Стоял и смотрел на нее сверху вниз. У него тряслась голова.
— Капитан Эрнст Шпеер? — уточнил я еще раз, возвращая ему документ. — Это ваш брат на снимке?
Он молча кивнул.
— Кто остальные?
— Члены моего экипажа, — тихо сказал Шпеер. — Леер, Кролль… — Он перевел взгляд на «рождественского гнома».
Тот стал белее снега. Казалось, глаза, брови, губы сейчас осыплются с этой мертвой кожи, как вши, сбегающие с трупа.
— …и Шульц.
Следует отдать должное Шпееру — врал он все-таки получше многих.

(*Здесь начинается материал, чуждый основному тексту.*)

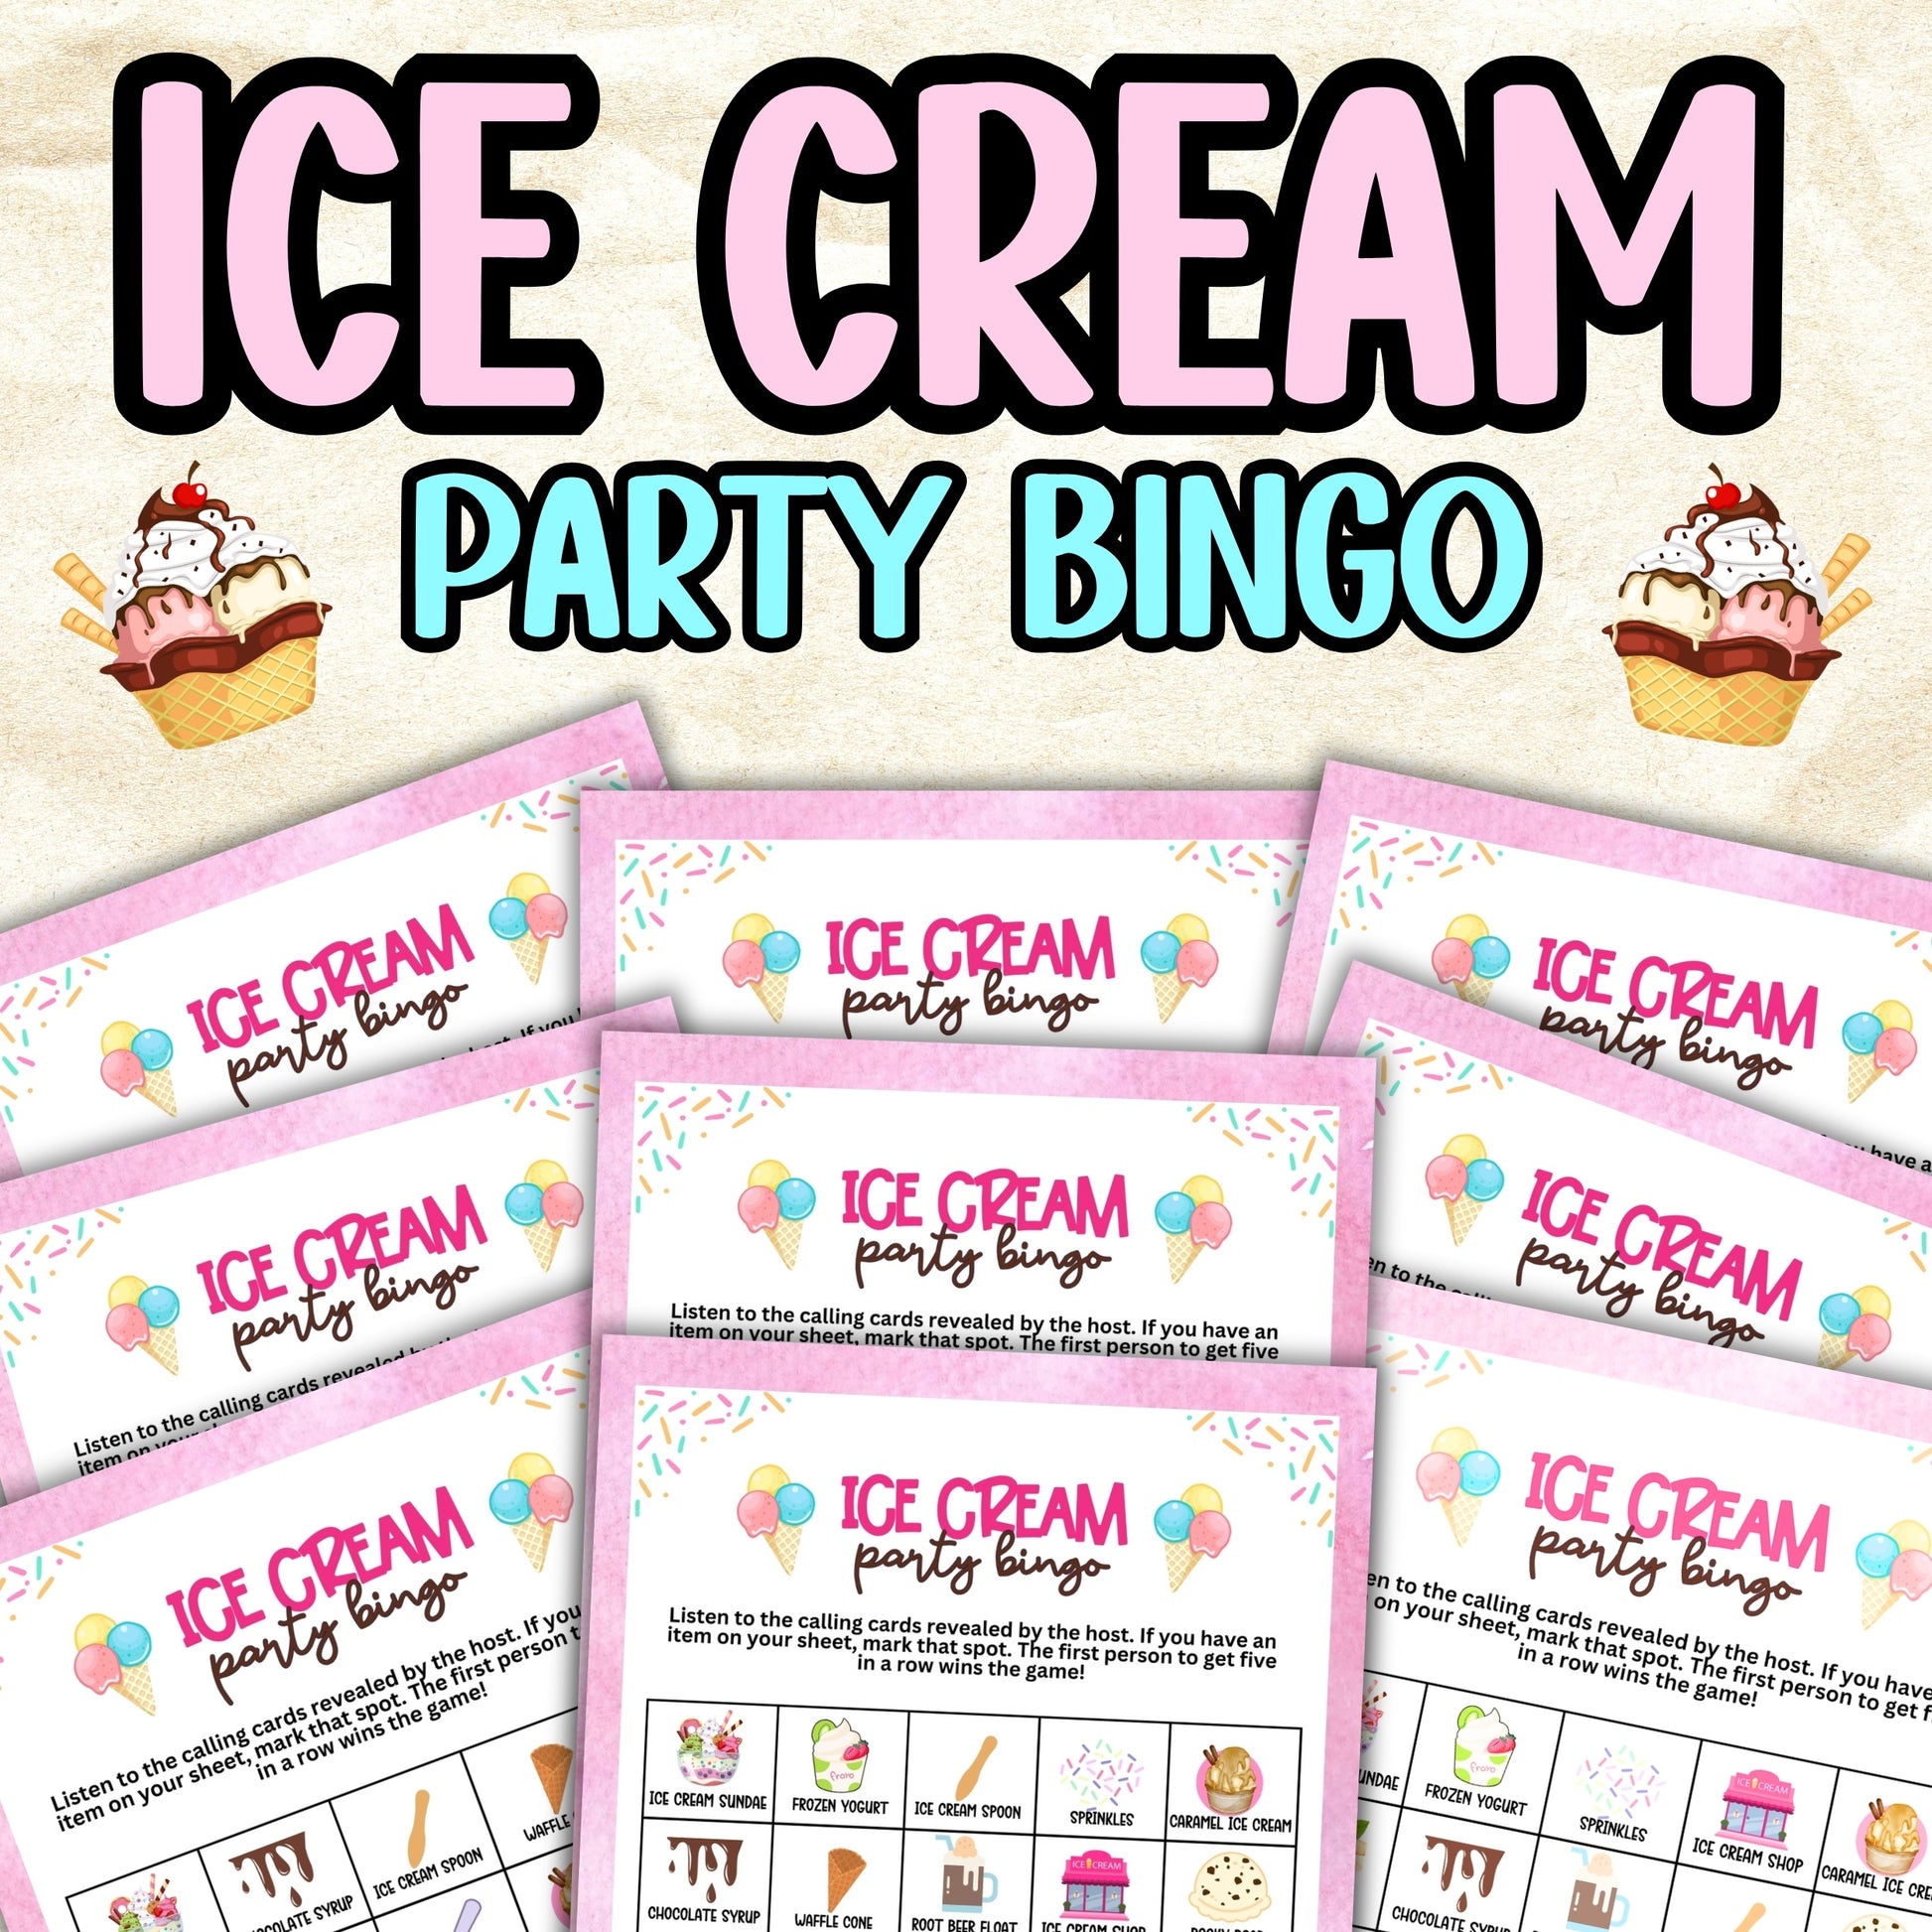 national ice cream month ice cream bingo

Если бы он не был так ослаблен болезнью, то, не исключаю, сумел бы убедить меня в том, что фамилия его бледного товарища действительно Шульц.
— А если без брехни? — осведомился я.
В немецком языке имеется много очень прекрасных слов для того, чтобы как следует оскорбить человека, задев его самые личные чувства.
Шпеер молчал, только покачивался, как былинка на ветру. Ветер, кстати, усиливался — близился вечер.
— Послушайте, капитан Шпеер, если вы не скажете мне правду, я просто пристрелю этого парня, — я тронул пистолет. — Мне ведь всё равно. Мое задание — найти капитана Эрнста Шпеера. А его, — я кивнул на «Шульца», — я могу заменить кем угодно.
— Разве вы не всех нас собираетесь?.. — пробурчал рыжий Кролль.
— Настаиваешь? — осведомился я.
Кролль замолчал и прижался к Шпееру, как побитый щенок.
Да. Здесь капитан не соврал — Кролль точно из его экипажа.
— Меня зовут Фридрих фон Рейхенау, — неожиданно заговорил бледный молодой человек. Голос его ломался и дрожал.
— Надо же, какая знакомая фамилия, — протянул я. — Где-то я ее слышал, а?
— Вы отлично знаете, где ее слышали, — вступил Шпеер. — Перестаньте издеваться. Делайте то, зачем приехали.
— Я и делаю, — ответил я. — Выясняю личности. А издеваетесь вы над собой сами. Ваш отец, Фридрих, вовремя умер, иначе его бы повесили как военного преступника. Но у нас говорят, что сын за отца не ответчик. Теперь вот что: полезайте в «виллис».
— Нет уж! — завопил мой сержант. — Полную машину вшей мне напустят!
— На морозе вши передохнут, — сказал я безжалостно. — Вы же видите, товарищ Гортензий, что эти люди находятся в состоянии крайнего истощения. Их надо транспортировать как можно быстрее.